Wednesday, October 16, 2013

My Fallen Musketeer

Sweet Porthos died on Saturday. It was horrible. I was out gardening. The musketeers were having a lovely time foraging beside me. One minute everything was great the next...I turned around and there was Porthos, lying on his back, redness by his tail. I leaned down and discovered that it was his internal organs. The best I could figure is that he pooped them out. Craig had accidentally stepped on him a little while we were working on the water line Thursday, but he seemed to be ok. He was still walking around, eating, snuggling and chirping, but evidently the compression had seriously compromised his bowel walls and he had just been living on borrowed time for the last two days.

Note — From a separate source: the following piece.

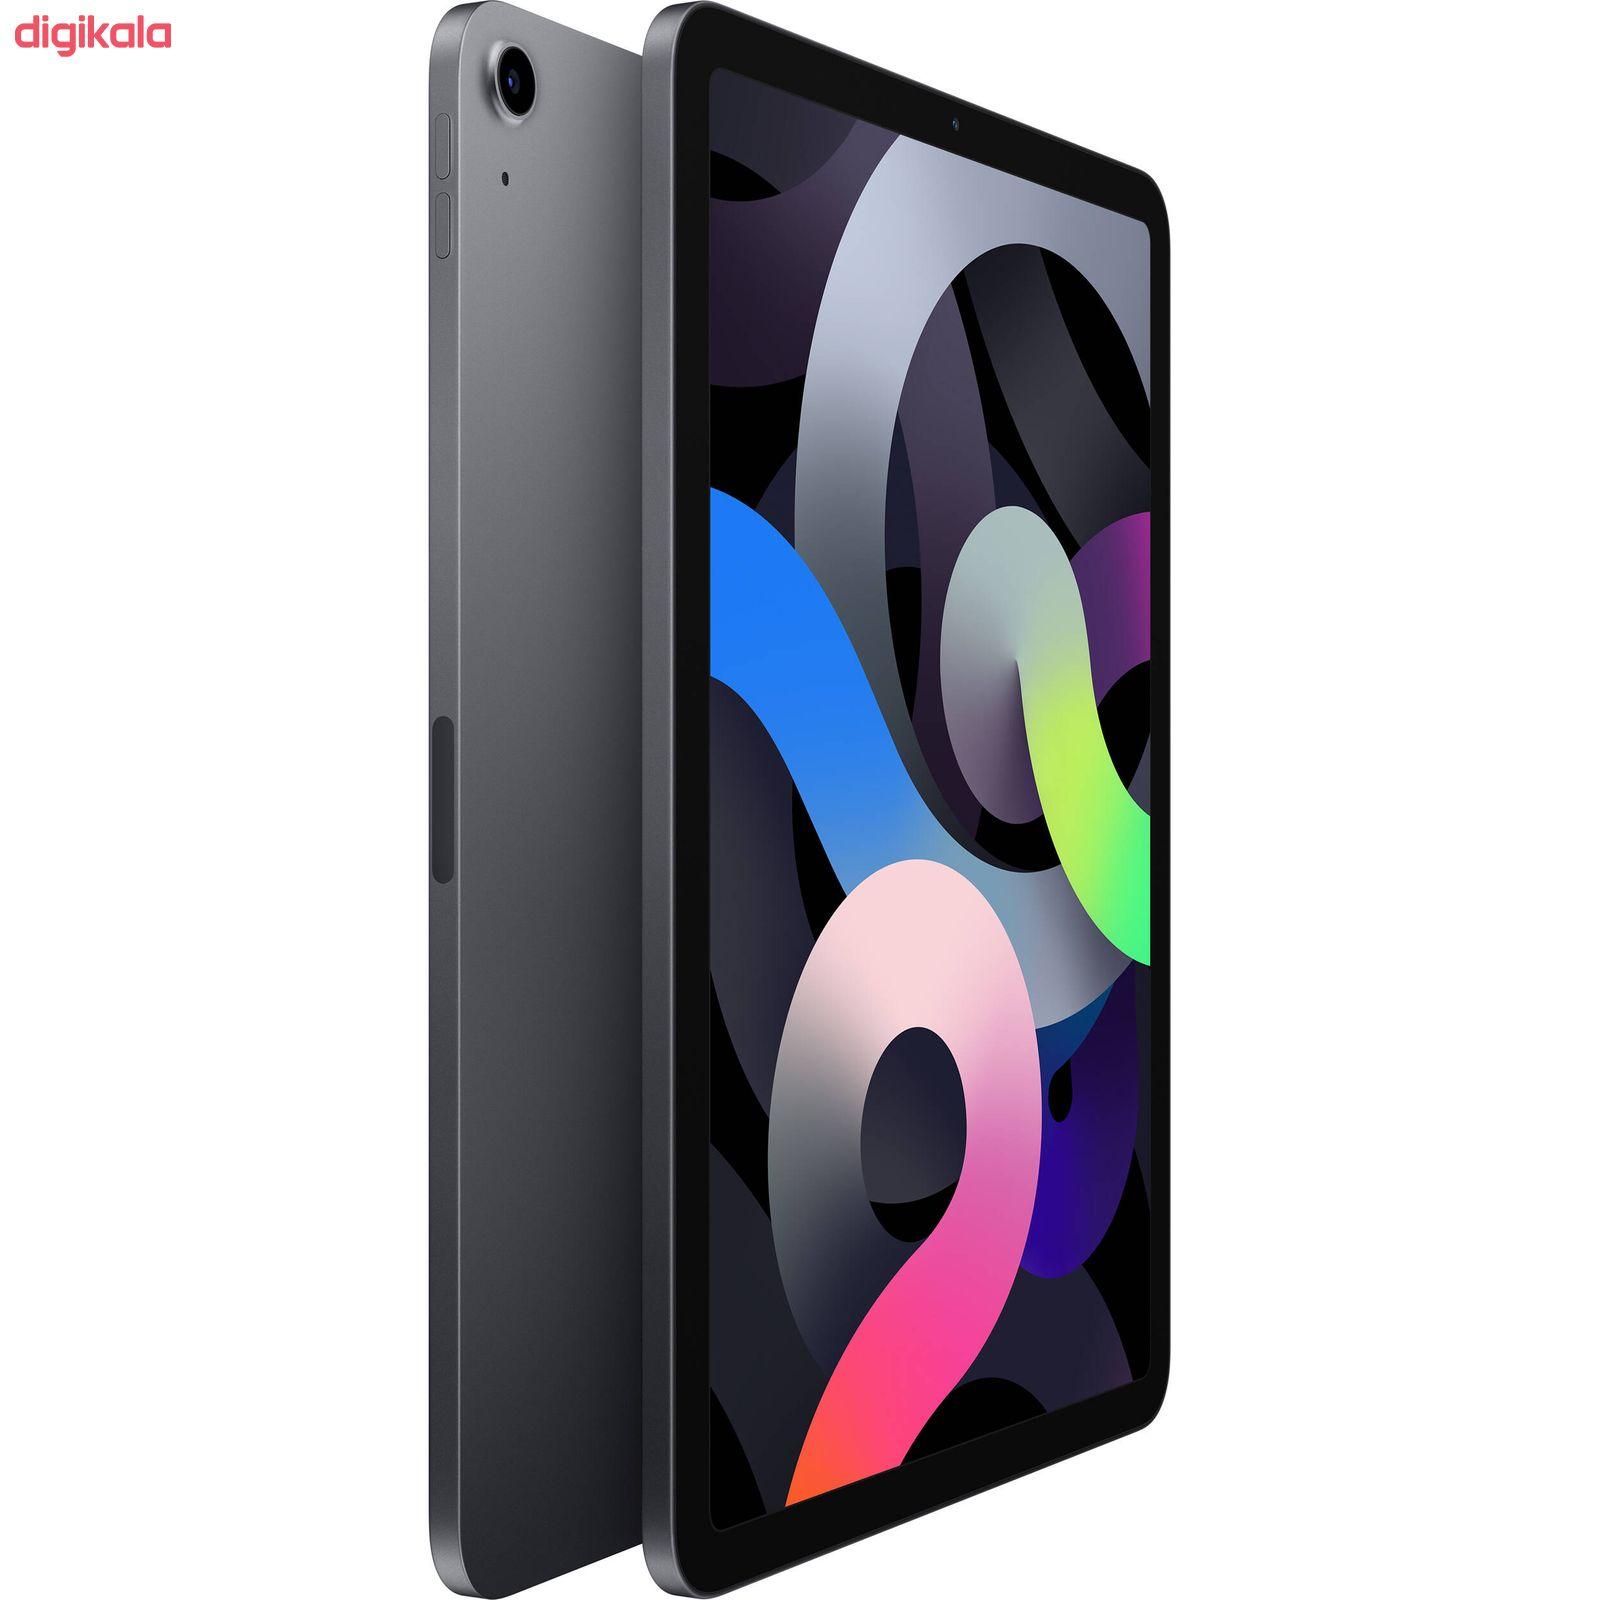 تبلت اپل مدل iPad Air 10.9 inch 2020 WiFi ظرفیت 64 گیگابایت  main 1 5
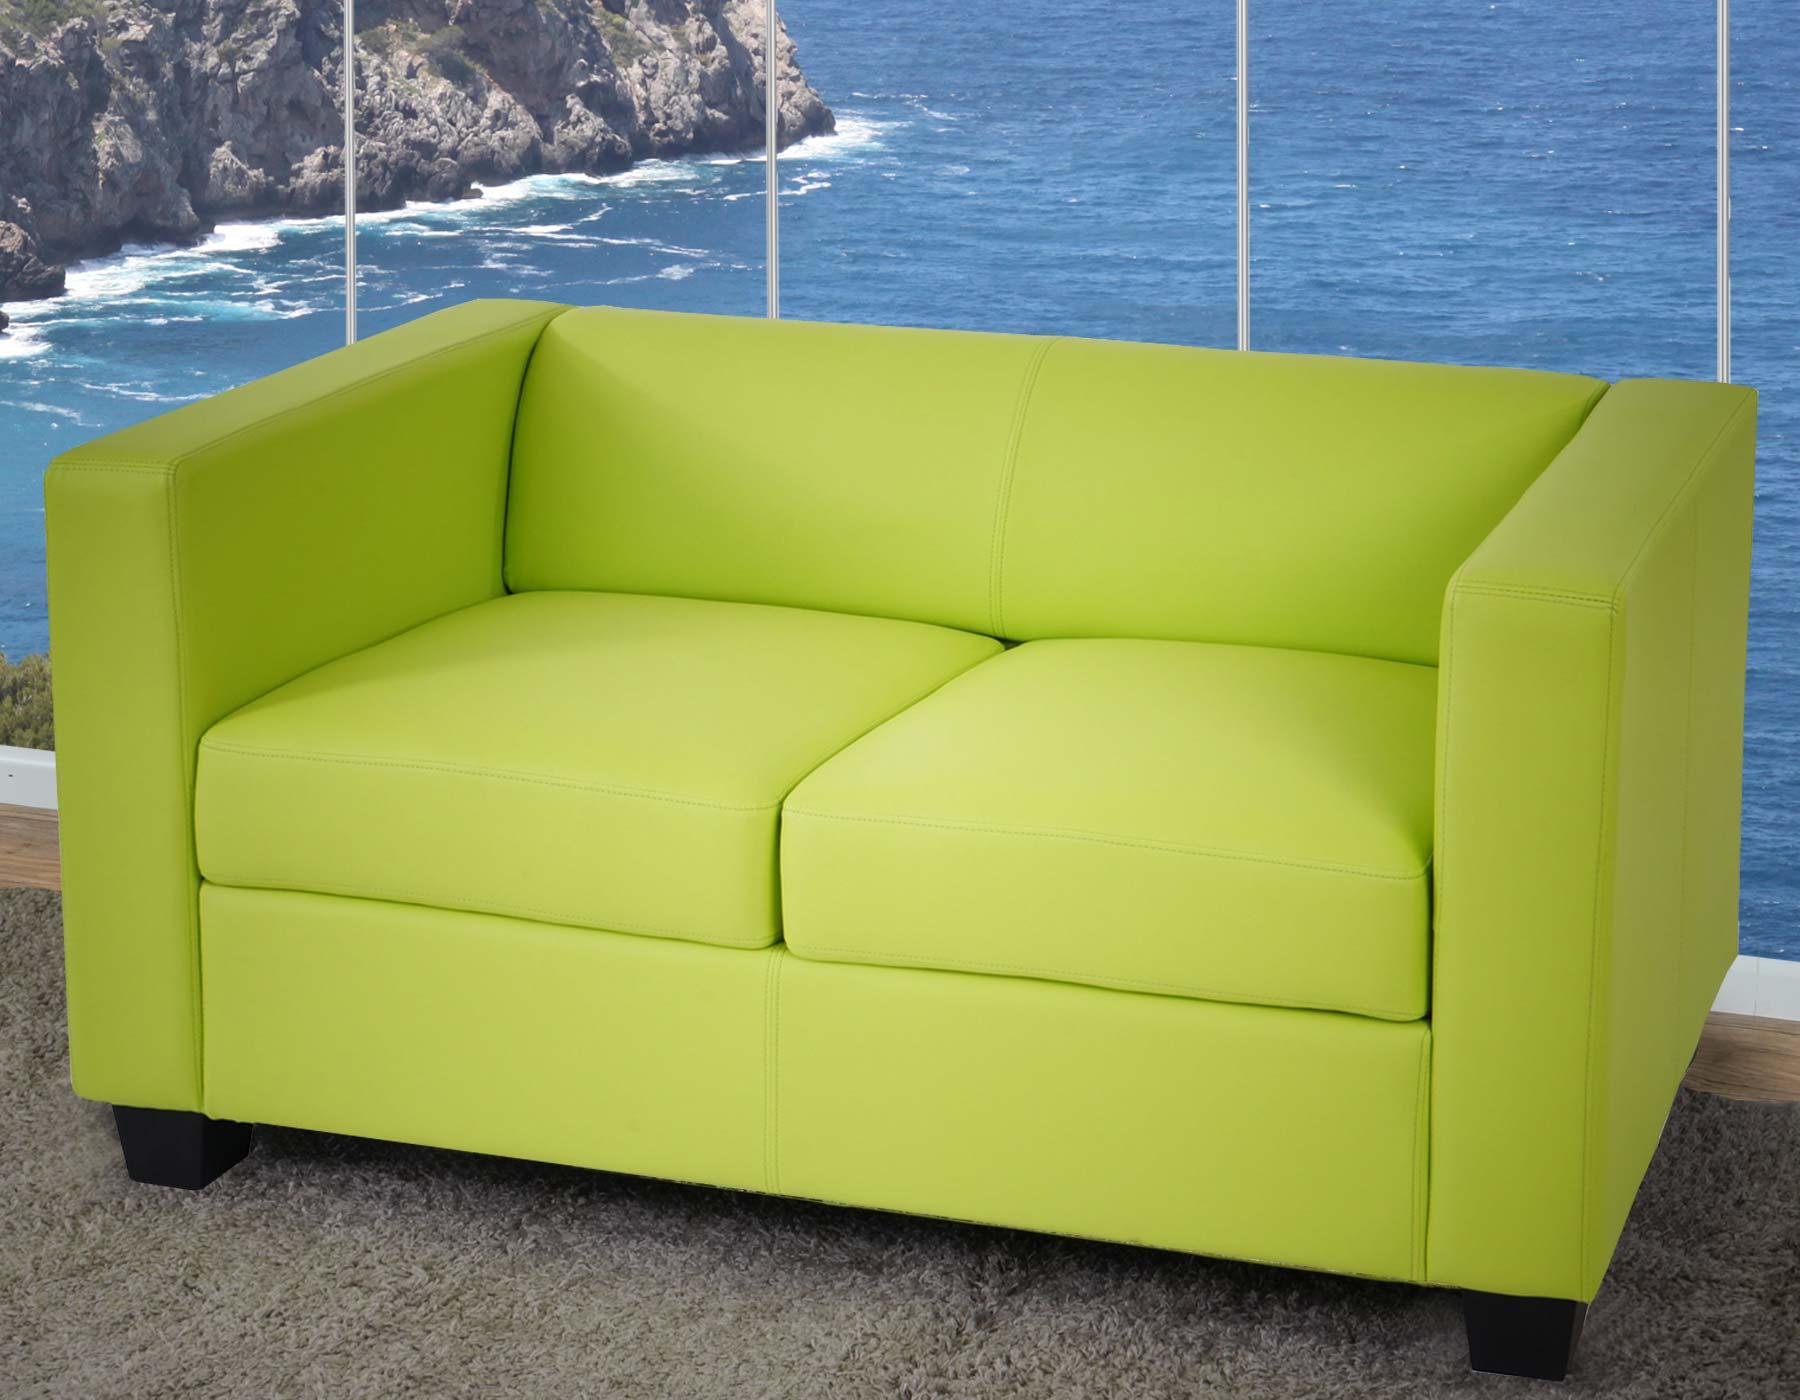 serie lille m65 divano sofa 2 posti 75x137x70cm ecopelle. Black Bedroom Furniture Sets. Home Design Ideas

Needless to say, I fell apart. He was my favorite of the three, the one Craig had first brought home. He liked running up my chest and into my hood, perching on my shoulder and burrowing into my hair. He was always the first to follow me and the first to find me when I was out of eye shot. He was the sweetest of goslings and there was nothing I could do. He was still alive but fading fast, so I just sat above him and bawled as the life slipped out of his eyes. That's when the rain started. Mother nature's way of mourning his passing I suppose. We all have our way of dealing with things. I buried him later, the brave musketeer, on the edge of my garden where he fell and lined his grave with tiny sticks which Athos and Aramis tried to eat. I didn't know any fine poetry to recite so I sang to him an Irish blessing and sent him on his way. I know it's part of farm life, but I can't help but feel saddened by the loss. You will be missed sweet Porthos, my adventurous goose pirate. Fly free.

1 comment:

  1. I'm bawling a little reading this. Little sweet Porthos. I am very happy he got to bask in your love and show you all of his little goosey heart in the short time you had together. Now he will be part of the clouds and the rain and the earth that you explore and open your heart to. Beautiful. Sad. You wrote for him perfectly.